In this lab you will implement different types of feature engineering for text classification:
* Count vectors
* TF-IDF vectors (word level, n-gram level, character level)
* Text/NLP based features
* Topic models
  
The following classification algorithms will be applied to the count and TF-IDF vector features:
* Naïve Bayes
* Logistic Regression
* Support Vector Machine
* Random Forest
* Gradient Boosting

## Import libraries

In [1]:
## Import Libraries
import numpy as np
import pandas as pd

import string
import spacy

from collections import Counter

from sklearn.decomposition import LatentDirichletAllocation
from sklearn.ensemble import GradientBoostingClassifier
from sklearn.ensemble import RandomForestClassifier
from sklearn.feature_extraction.text import CountVectorizer
from sklearn.feature_extraction.text import TfidfVectorizer
from sklearn.linear_model import LogisticRegression
from sklearn.metrics import accuracy_score
from sklearn.model_selection import train_test_split
from sklearn.naive_bayes import MultinomialNB
from sklearn.naive_bayes import GaussianNB
from sklearn.svm import LinearSVC

# import warnings
# warnings.filterwarnings('ignore')

## Load data

Sample:

    __label__2 Stuning even for the non-gamer: This sound ...
    __label__2 The best soundtrack ever to anything.: I'm ...
    __label__2 Amazing!: This soundtrack is my favorite m ...
    __label__2 Excellent Soundtrack: I truly like this so ...
    __label__2 Remember, Pull Your Jaw Off The Floor Afte ...
    __label__2 an absolute masterpiece: I am quite sure a ...
    __label__1 Buyer beware: This is a self-published boo ...
    . . .
    
There are only two **labels**:
- `__label__1`
- `__label__2`

In [2]:
## Loading the data

df_corpus = pd.read_fwf(
    filepath_or_buffer = '../DATA/corpus.txt',
    colspecs = [(9, 10),   # label: get only the numbers 1 or 2
                (11, 9000) # text: makes the it big enough to get to the end of the line
               ],
    header = 0,
    names = ['label', 'text'],
    lineterminator = '\n'
)

# convert label from [1, 2] to [0, 1]
df_corpus['label'] = df_corpus['label'] - 1

## Inspect the data

In [4]:
# ANSWER
df_corpus.head()

Unnamed: 0,label,text
0,1,The best soundtrack ever to anything.: I'm rea...
1,1,Amazing!: This soundtrack is my favorite music...
2,1,Excellent Soundtrack: I truly like this soundt...
3,1,"Remember, Pull Your Jaw Off The Floor After He..."
4,1,an absolute masterpiece: I am quite sure any o...


In [5]:
df_corpus.info()

<class 'pandas.core.frame.DataFrame'>
RangeIndex: 9999 entries, 0 to 9998
Data columns (total 2 columns):
 #   Column  Non-Null Count  Dtype 
---  ------  --------------  ----- 
 0   label   9999 non-null   int64 
 1   text    9999 non-null   object
dtypes: int64(1), object(1)
memory usage: 156.4+ KB


## Split the data into train and test

In [7]:
## ANSWER
## split the dataset

X_train, X_test, y_train, y_test = train_test_split(df_corpus.text, df_corpus.label)

## Feature Engineering

### Count Vectors as features

In [61]:
# create a count vectorizer object
count_vect = CountVectorizer(token_pattern = r'\w{1,}')

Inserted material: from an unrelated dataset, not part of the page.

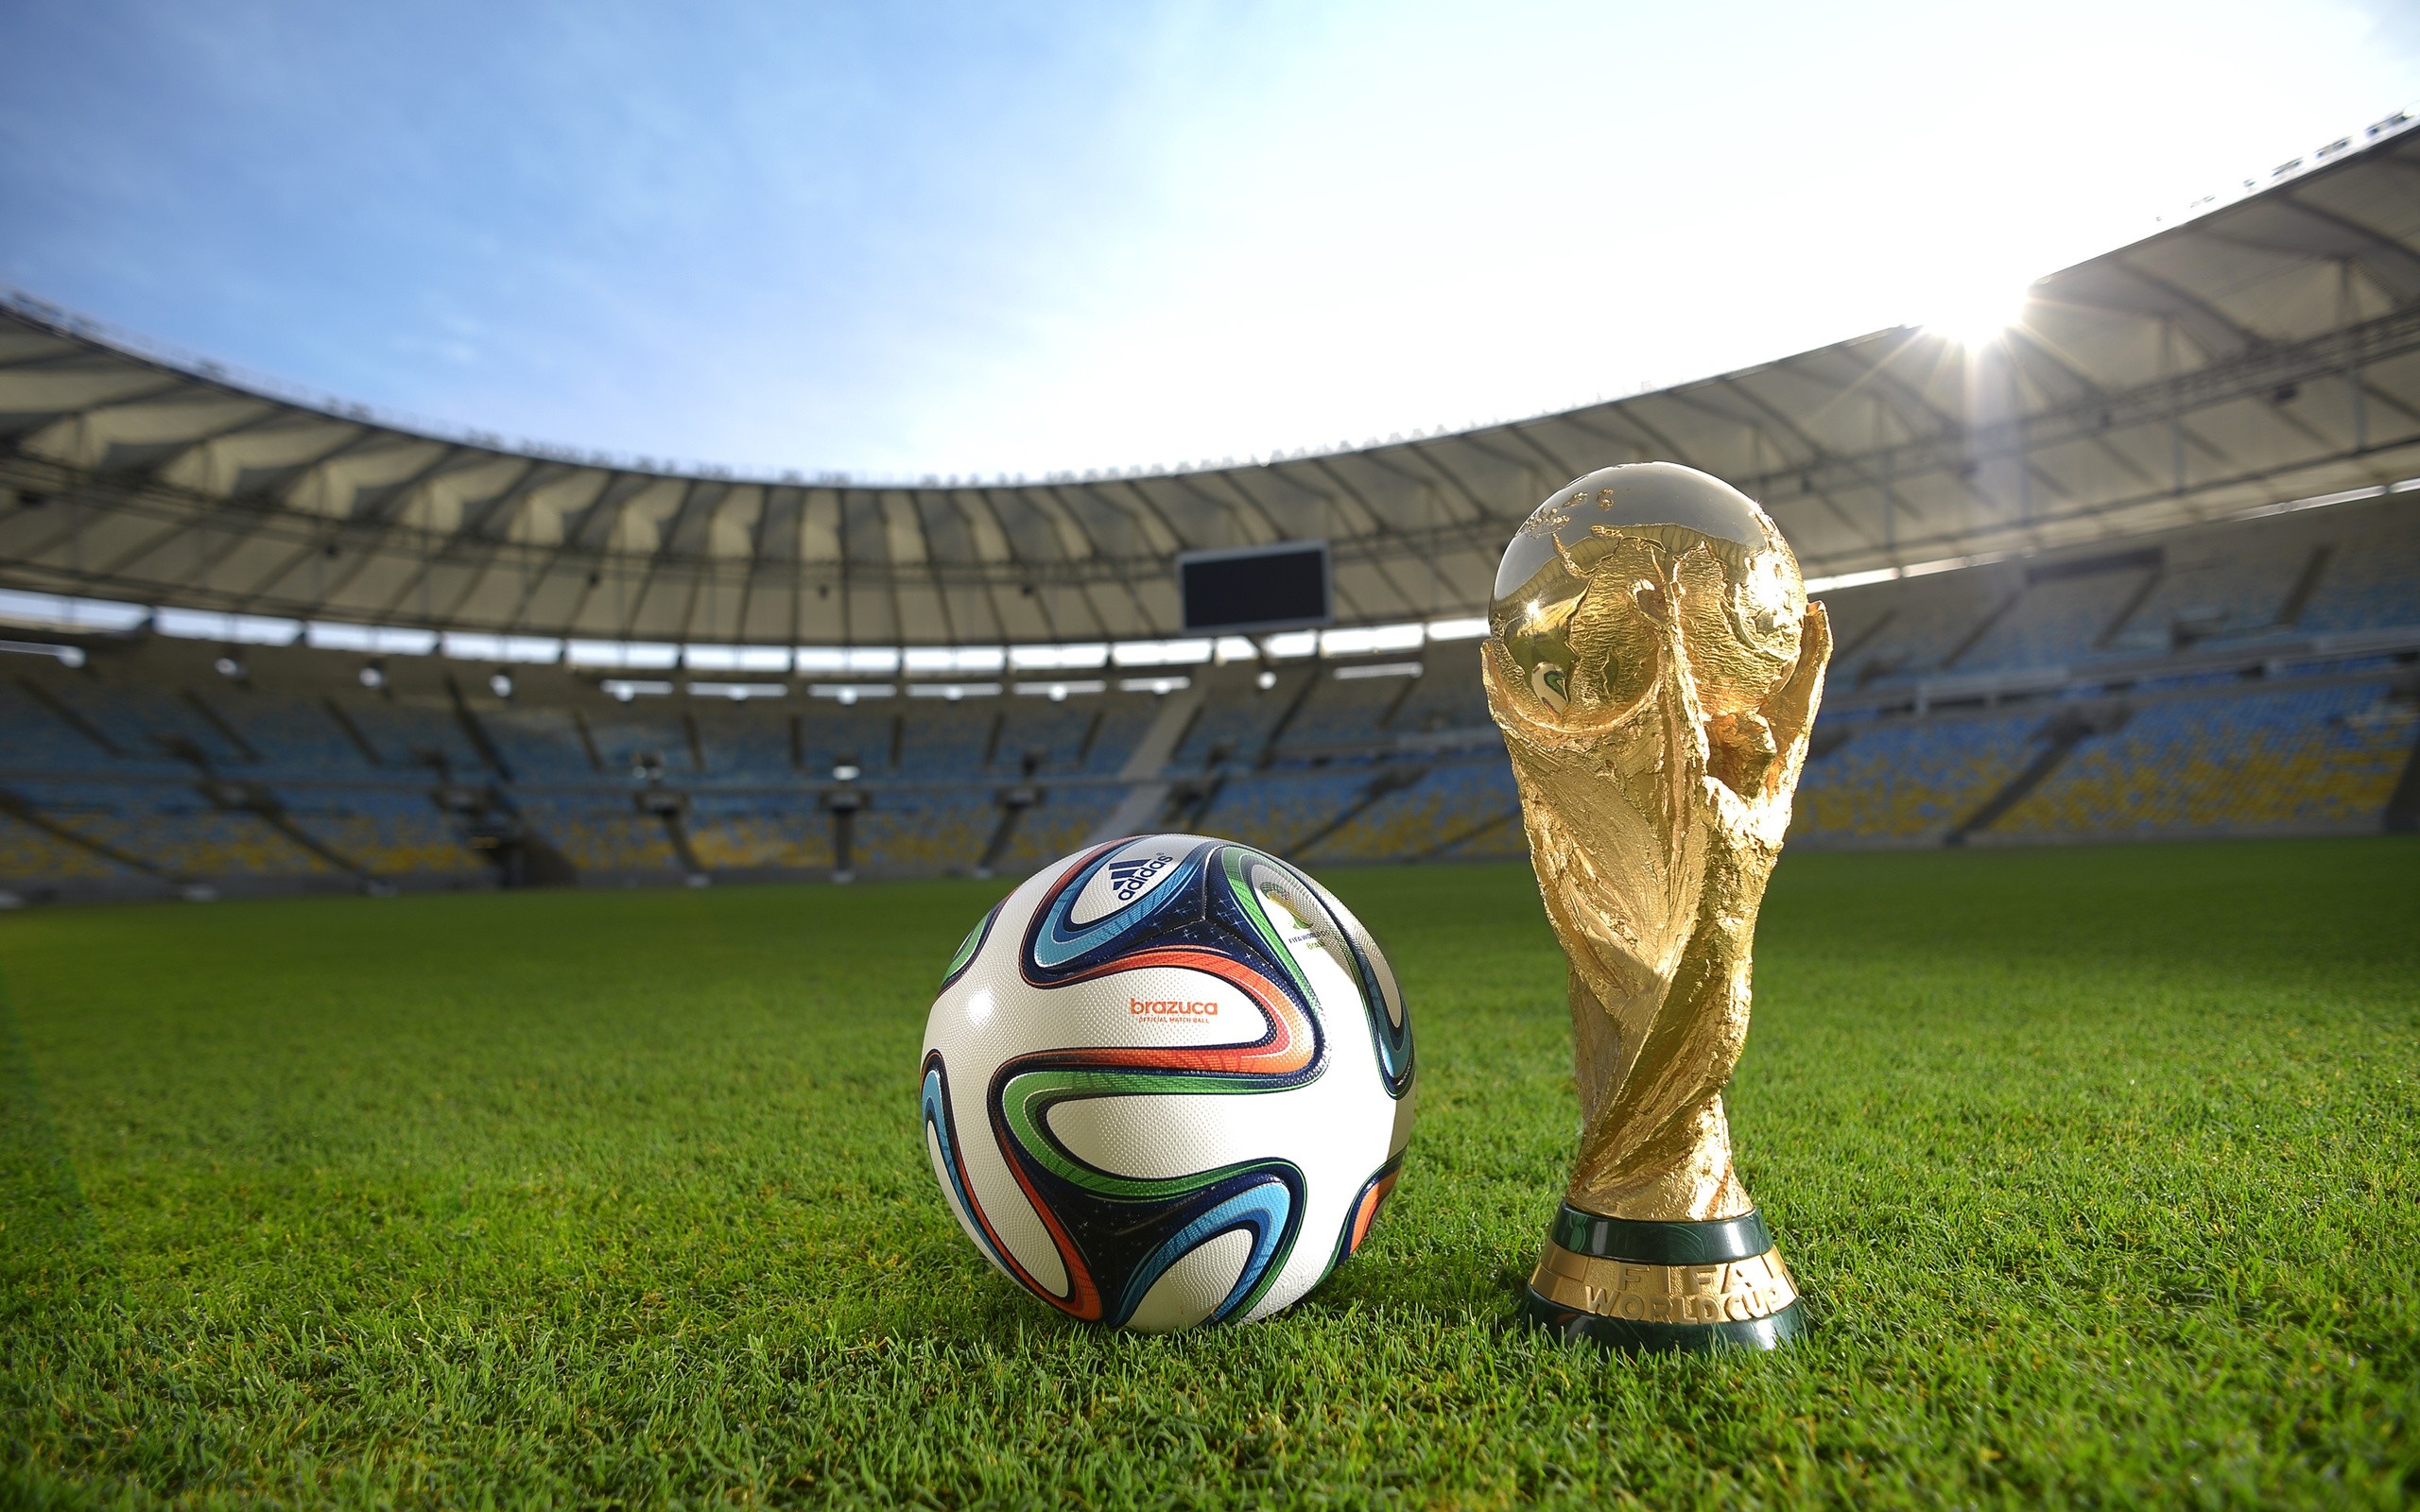 General 2560x1600 FIFA World Cup Brazil stadium soccer ball soccer ball sport

# Learn a vocabulary dictionary of all tokens in the raw documents
count_vect.fit(X_train)

# Transform documents to document-term matrix.
X_train_count = count_vect.transform(X_train)
X_test_count = count_vect.transform(X_test)

X_train_count[6, :]

<Compressed Sparse Row sparse matrix of dtype 'int64'
	with 85 stored elements and shape (1, 27300)>

### TF-IDF Vectors as features
- Word level
- N-Gram level
- Character level

In [9]:
%%time
# word level tf-idf
tfidf_vect = TfidfVectorizer(analyzer = 'word',
                             token_pattern = r'\w{1,}',
                             max_features = 5000)
print(tfidf_vect)

tfidf_vect.fit(X_train)
X_train_tfidf = tfidf_vect.transform(X_train)
X_test_tfidf  = tfidf_vect.transform(X_test)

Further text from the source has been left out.